_Work required:_
Return the listing exactly as it appears, but strip out the images.

_Supplied material:_
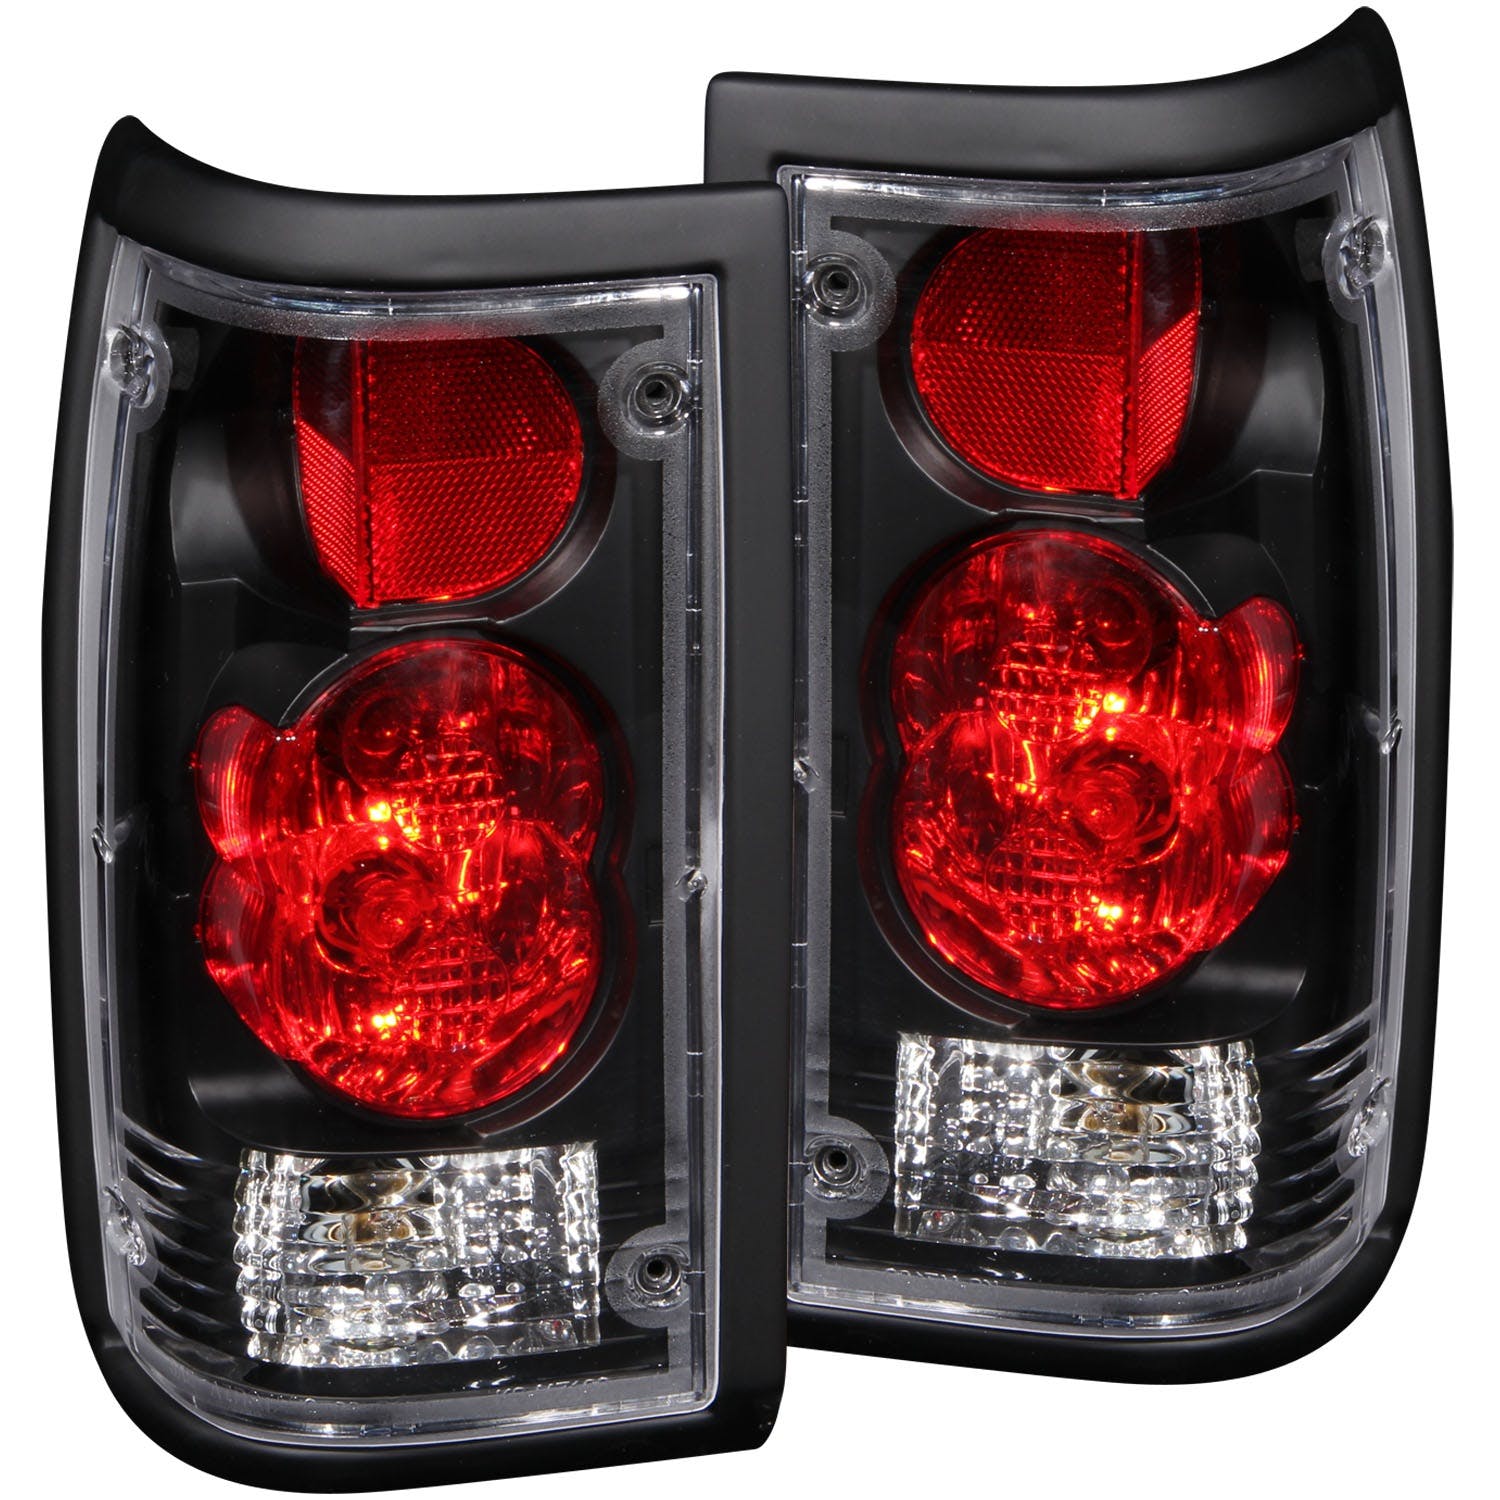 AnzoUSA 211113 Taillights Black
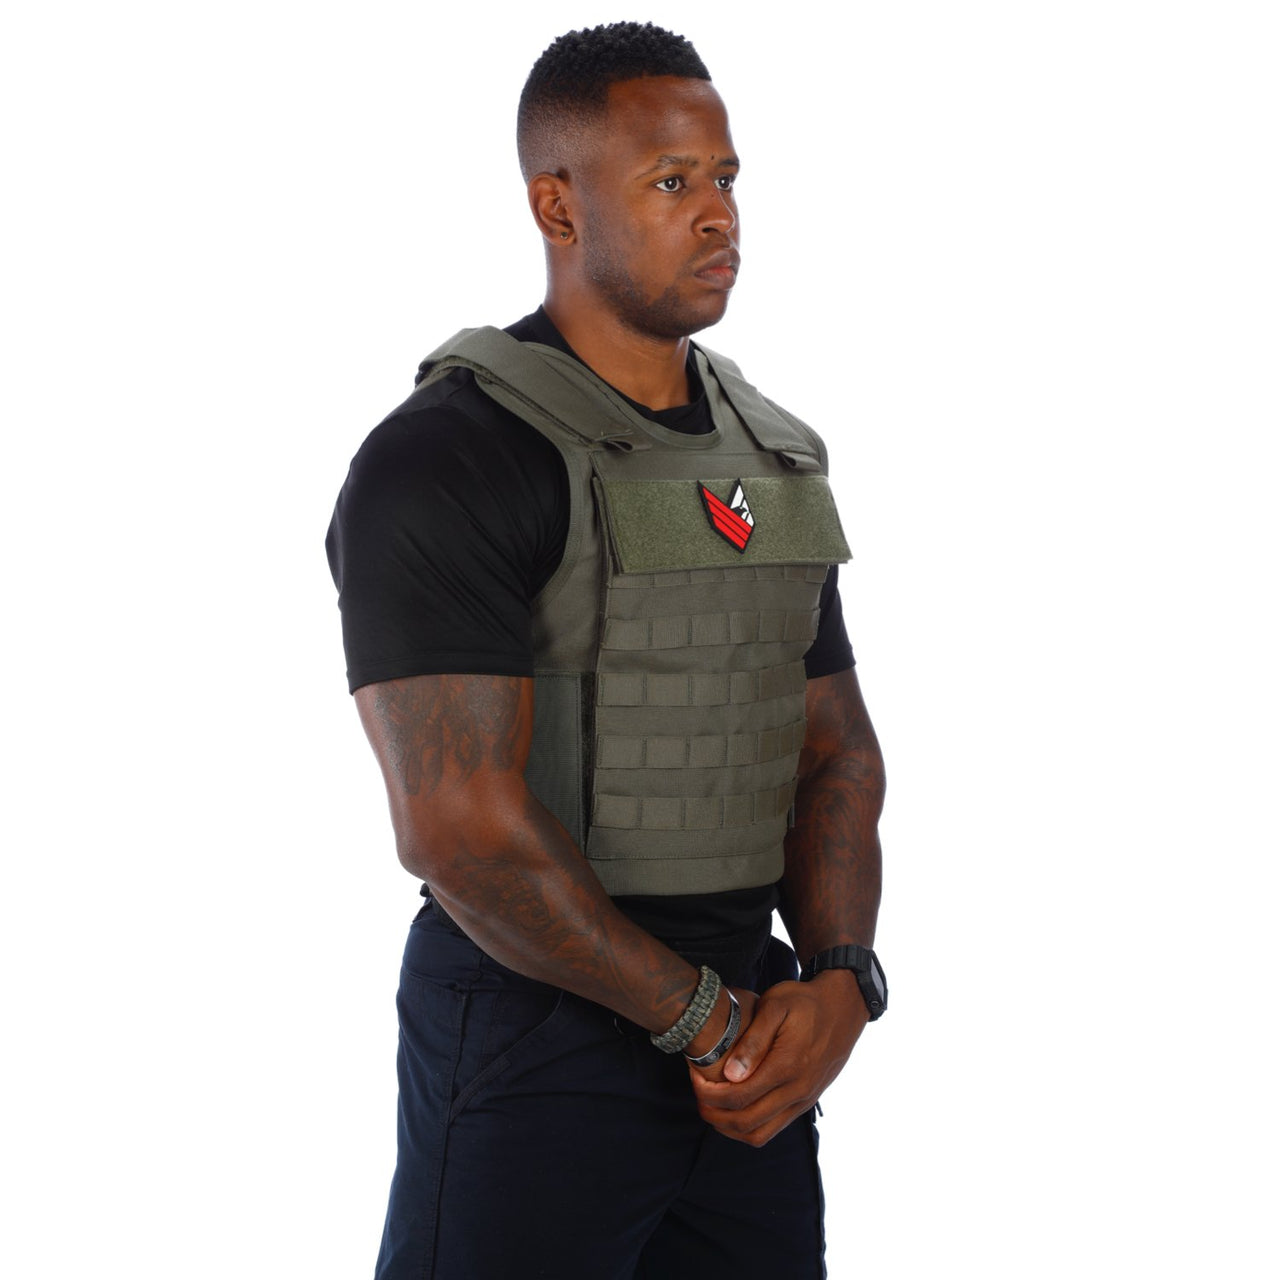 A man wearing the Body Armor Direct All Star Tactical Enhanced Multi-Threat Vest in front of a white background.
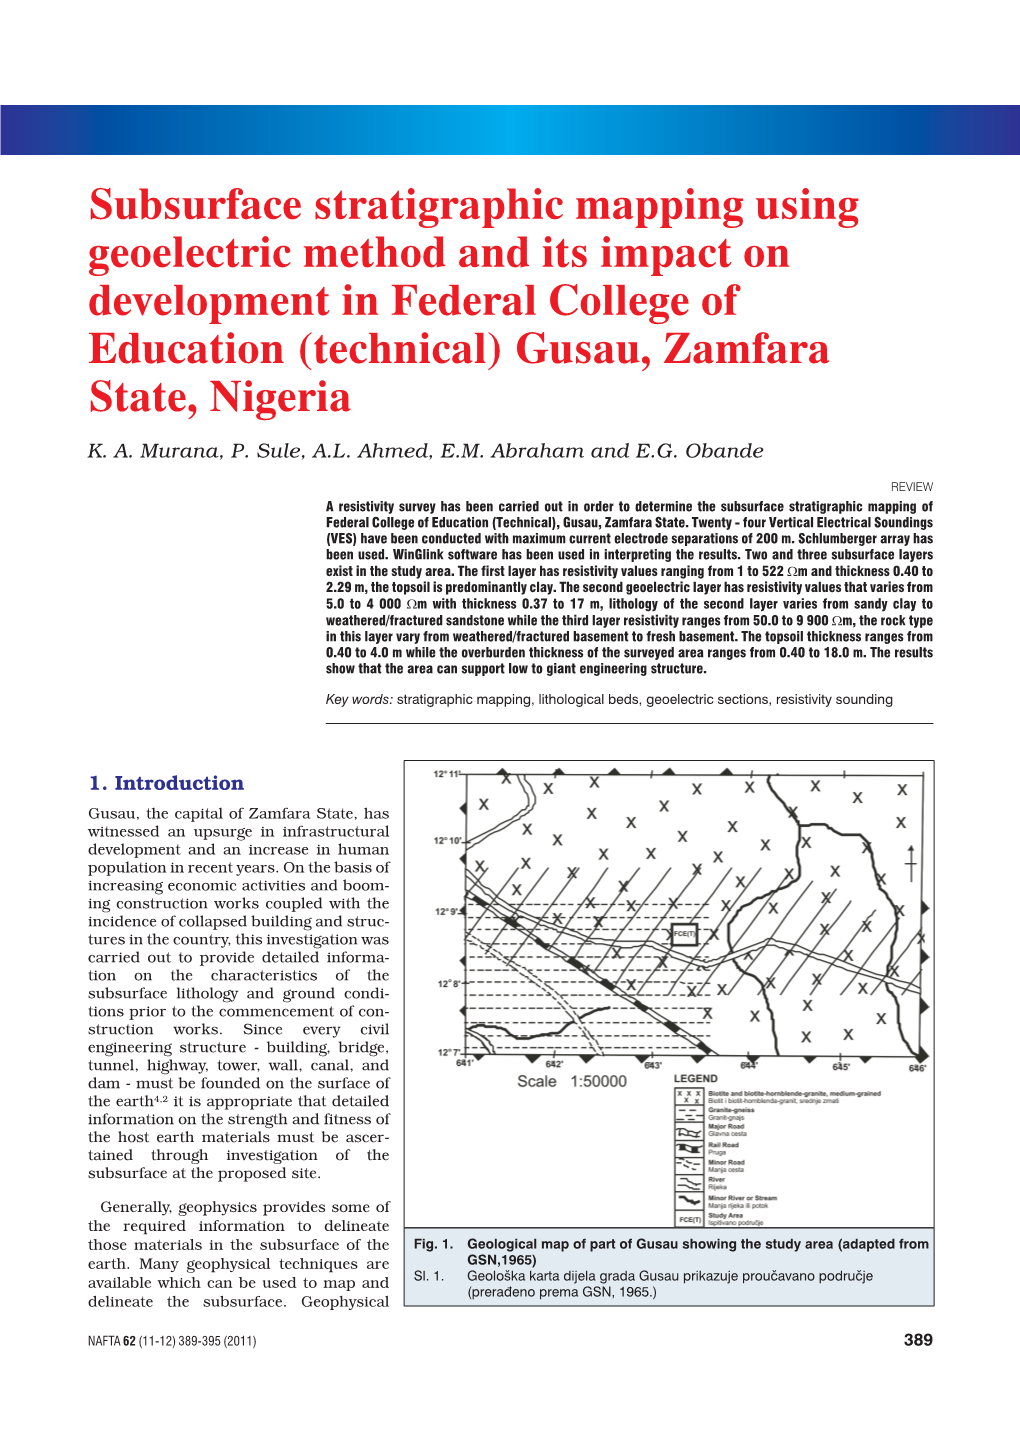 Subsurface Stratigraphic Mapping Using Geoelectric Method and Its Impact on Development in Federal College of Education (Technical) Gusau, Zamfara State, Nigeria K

_Output:_
 AnzoUSA 211113 Taillights Black
 A man wearing the Body Armor Direct All Star Tactical Enhanced Multi-Threat Vest in front of a white background.
 Subsurface Stratigraphic Mapping Using Geoelectric Method and Its Impact on Development in Federal College of Education (Technical) Gusau, Zamfara State, Nigeria K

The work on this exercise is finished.